Have a question about this project? Sign up for a free GitHub account to open an issue and contact its maintainers and the community.

By clicking “Sign up for GitHub”, you agree to our terms of service and privacy statement. We’ll occasionally send you account related emails.

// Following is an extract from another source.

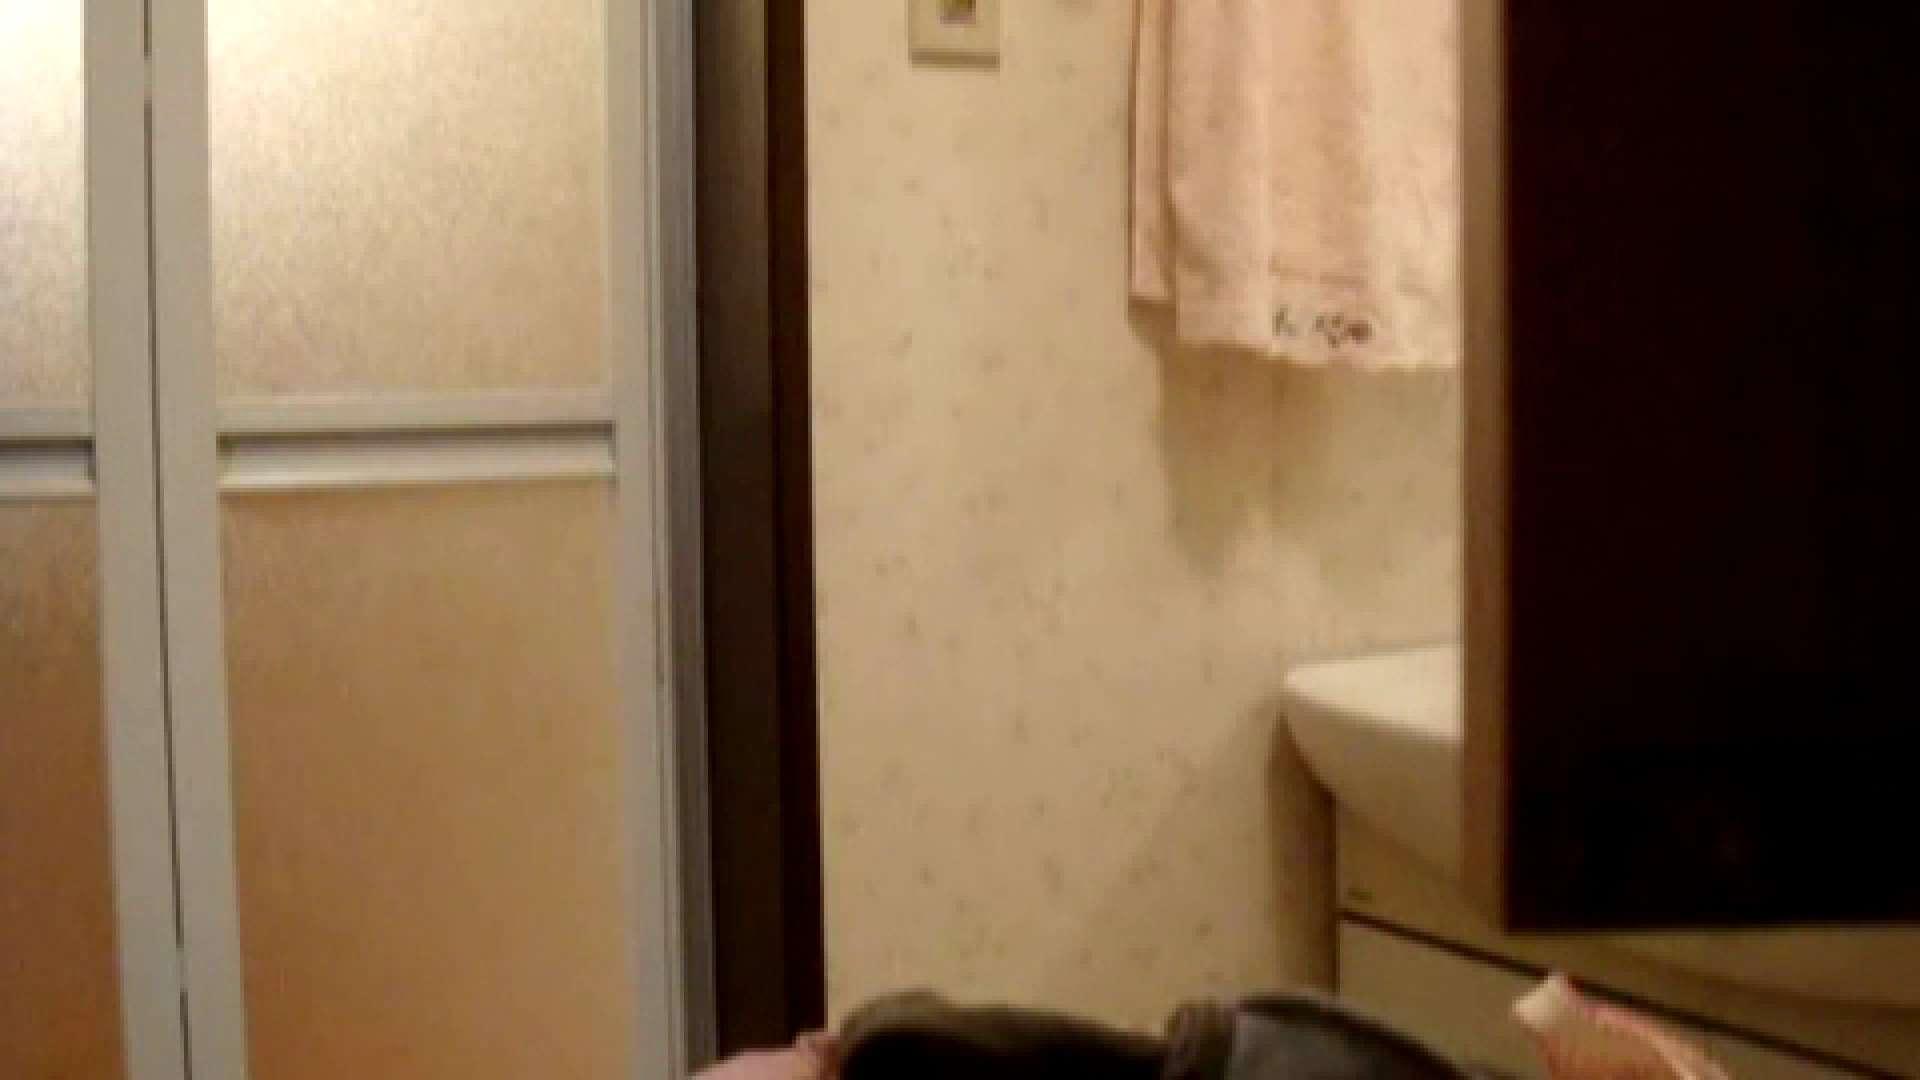 vol.8 まどかの入浴、完全にバレたと思いました。 OL   入浴シーン  76連発 37

Already on GitHub? Sign in to your account

Fit fails when input data has categorical columns #970

Closed
rabsr opened this issue Oct 5, 2020 · 4 comments
Closed

Fit fails when input data has categorical columns #970

rabsr opened this issue Oct 5, 2020 · 4 comments

Comments

@rabsr
Copy link
Contributor

rabsr commented Oct 5, 2020

Describe the bug

auto-sklearn fails when input data has categorical data. I have changed example_pandas_train_test.py to use OpenML dataset, data_id : 1558 and also updated categorical and numerical list var.
Changes done:

X, y = sklearn.datasets.fetch_openml(data_id=1558, return_X_y=True, as_frame=False)
X = pd.DataFrame(
    data=X,
    columns=['V' + str(i) for i in range(1, 17)]
)
desired_boolean_columns = ['']
desired_categorical_columns = ['V2', 'V3', 'V4', 'V5', 'V7', 'V8', 'V9', 'V11', 'V16']
desired_numerical_columns = ['V1', 'V6', 'V10', 'V12', 'V13', 'V14', 'V15']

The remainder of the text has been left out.